Thursday, June 19, 2008

maybe i am just tired?

it's thursday already.
school is starting again next week, and i'm so not looking forward to next monday.
well, what have i been doing for the past 2 weeks holiday?
GO TO SCHOOL LAH!!

everyday have to go school do FYP. got to check & count cells everyday, which is super sai kang work. and now, my cells are not growing as well as before which is kinda saddening. from 10% serum to 5%, already can see a difference of the growth of the cells. what's worst, yesterday got 1 flask of cells kana contaminated!!! i hope everything goes smoothly lah, and no more contamination please!
and supervisor called me!! i dont know why, but when i see my phone ring and i see a word "unknown", i always can sense that the person is my supervisor. and it's always my supervisor!!
maybe i have...supervisophobia! O____O
wish me luck.

i dont understand how come my mum keeps thinking that my 2 weeks holidays ARE really holidays. i need to go school everyday and she keeps thinking that i will be at home when i have told her i would be going to school like EVERYDAY even though it's holidays. printer has some serious mechanical problem, and she keeps bugging me to call to troubleshoot DURING MY HOLIDAYS!! it's super irritating! cant she understand this simple sentence "i need to go school everyday, although it's my holidays."?? cant she be more understanding?

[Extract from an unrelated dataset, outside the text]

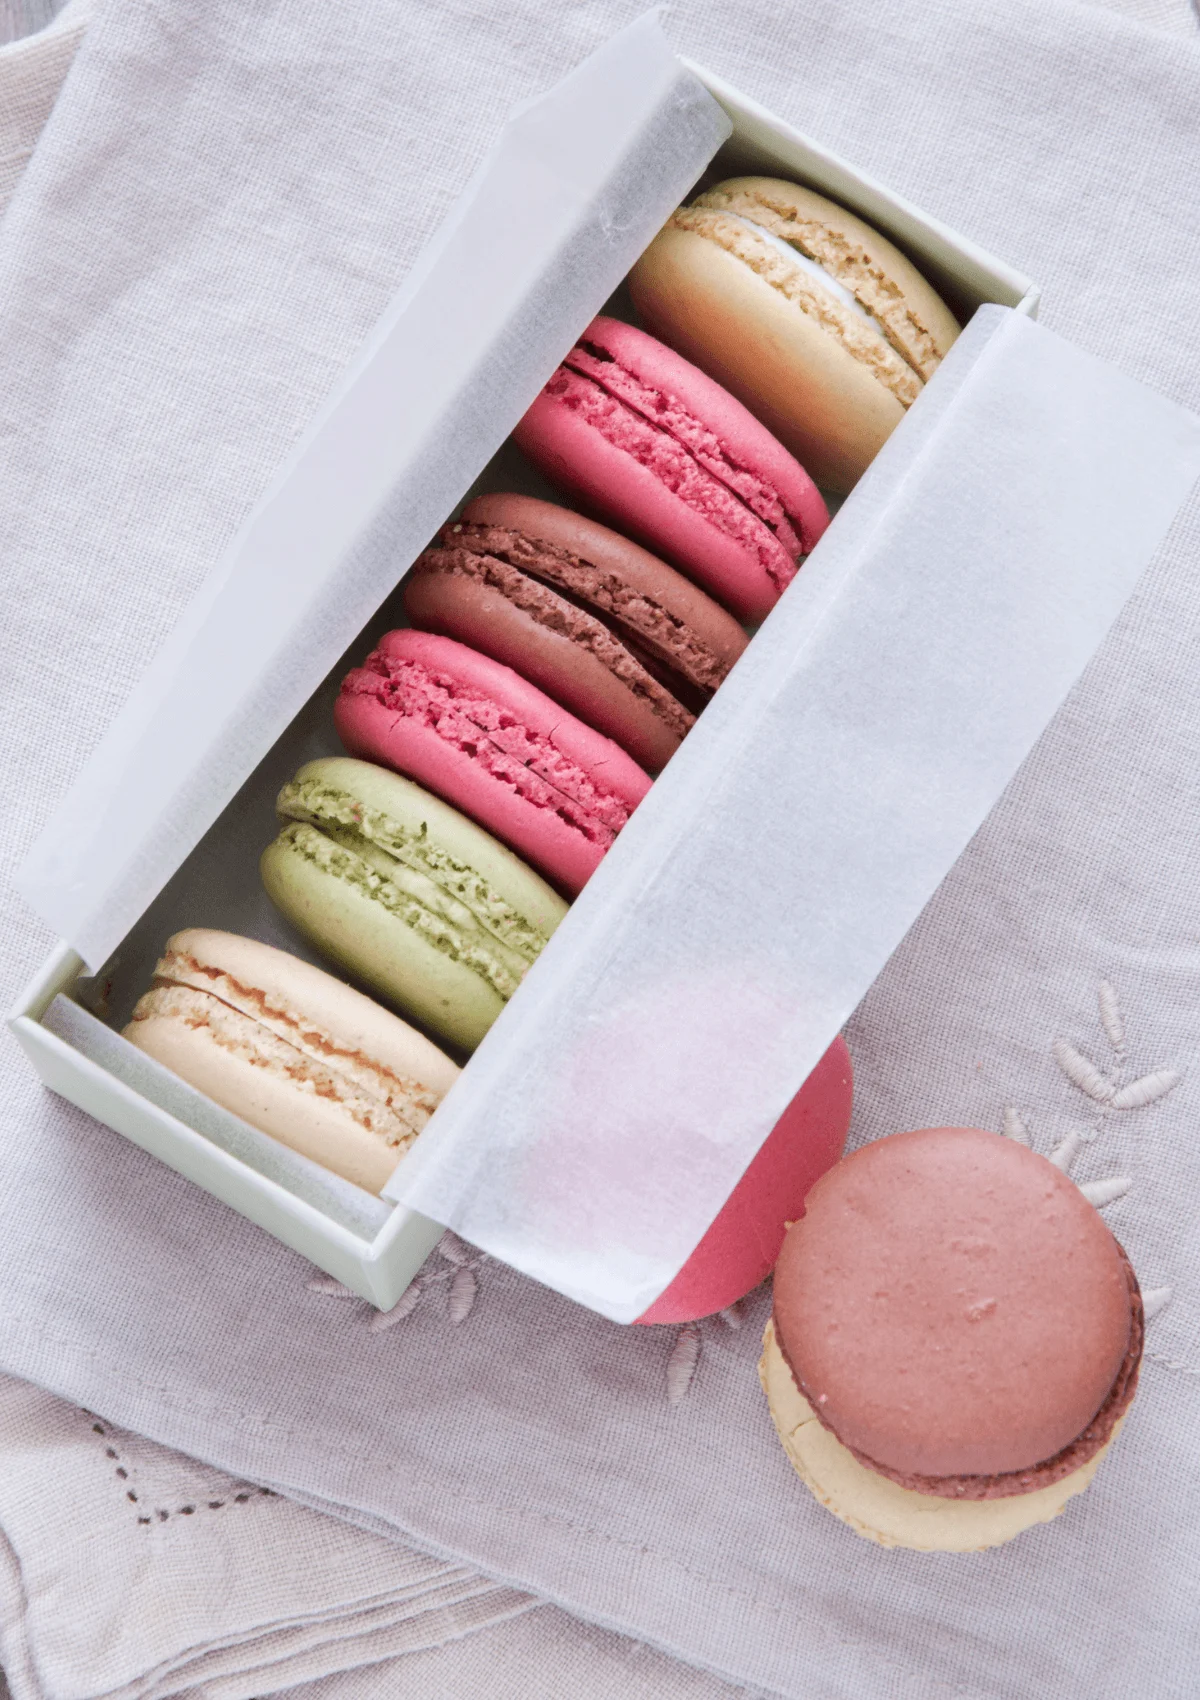 macarons are great souvenirs from Paris

and for the past 2 days, i keep having some dizzy spells, especially when i am at home.
i lie down on my bed for just awhile to rest, and when i get up, my head feels like it's going in circles. sometimes i can even feel the dizziness when i sleep, when i turn my head and change sleeping posture. and when i wake up, the feeling still doesnt go away.
weird eh? i dont get this often last time. what happen to me?

i really do feel alone & drifted.
as i walk from 1 point to another, there's only me.
doing things, walking to places, eating, i am alone.
cant be helped i guess.
i dont want to be a burden and a nuisance to others.